Ледоколов улыбнулся.

— А я, как с делами покончу, сейчас же и сам к тебе. Это возьмешь с собой?

Друг протянул какой-то сверток.

Во всех комнатах пыль стояла густым туманом, в этом тумане копошились, покрикивали и пыхтели несколько полосатых фуфаек, надсаживаясь над каким-то комодом. Черный длиннополый сюртук купеческого покроя поверял мебель по штучке, просматривая по реестру.

— Диван-угольник, обит голубым репсом в стежку!.. — произносил он отчетливо и с некоторой внушительностью.
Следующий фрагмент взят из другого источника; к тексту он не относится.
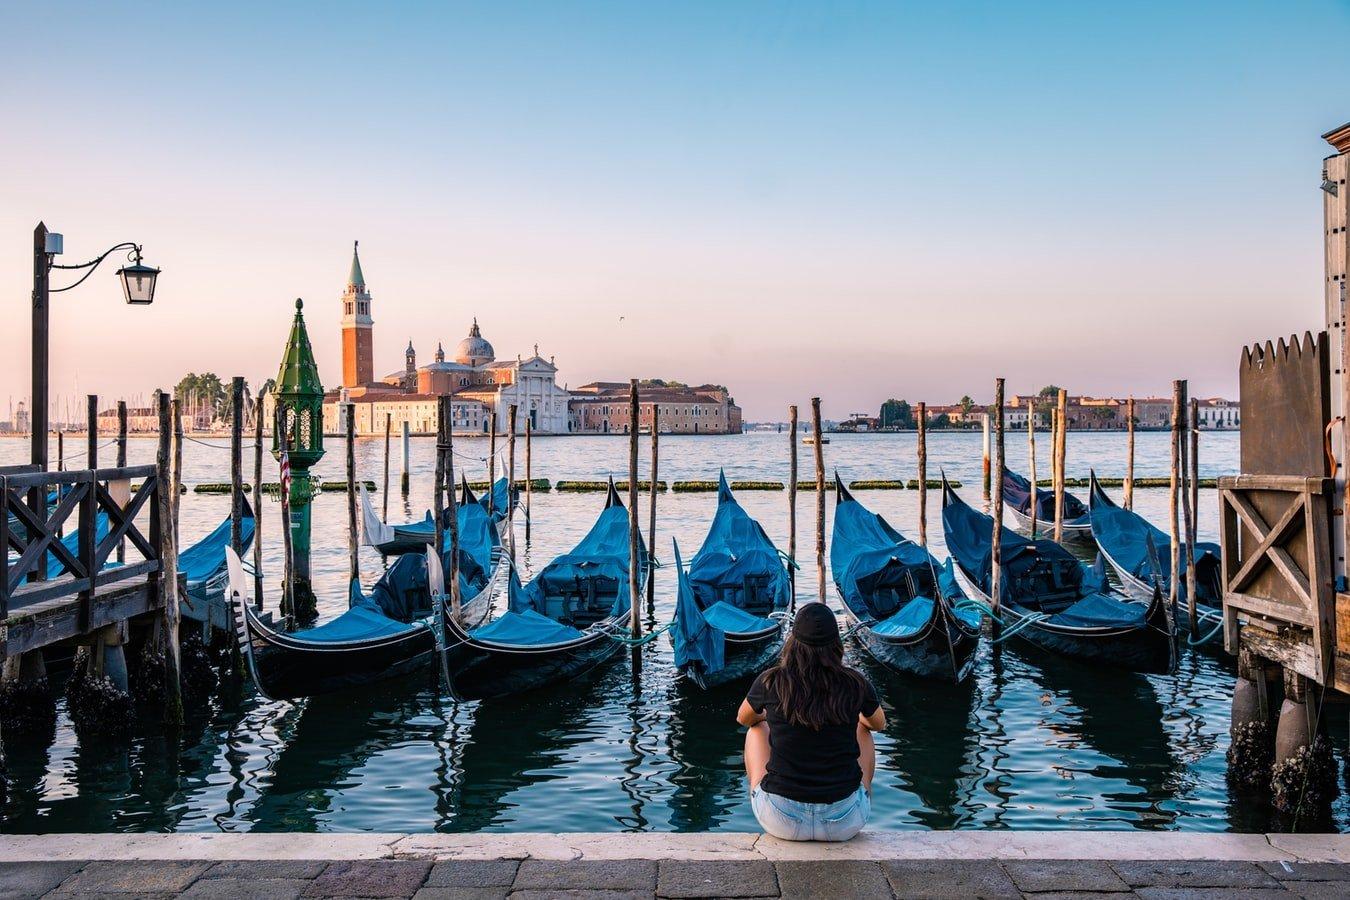 Gondelhafen mit Blick auf San Giorgio Maggiore in Venedig Italien

— Есть! — вскрикивал кто-то из другой комнаты.

Ледоколов со своим другом оставили большой чемодан, над укладкой которого хлопотали, и принялись завтракать.

— Поверишь ли, — говорил Ледоколов, разрезывая сочную, красную, как кровь, котлету, — сегодня в первый раз я чувствую что-то похожее на аппетит!

— И прекрасно. Итак, — друг налил в стакан красного вина, — скатертью дорога!

— Благодарю...

Ледоколов пожал дружескую руку и чокнулся своим стаканом.

— Дюжина стульев гнутых, два ломберных стола, шифоньер рококо... буфет! — доносились возгласы из дальних комнат.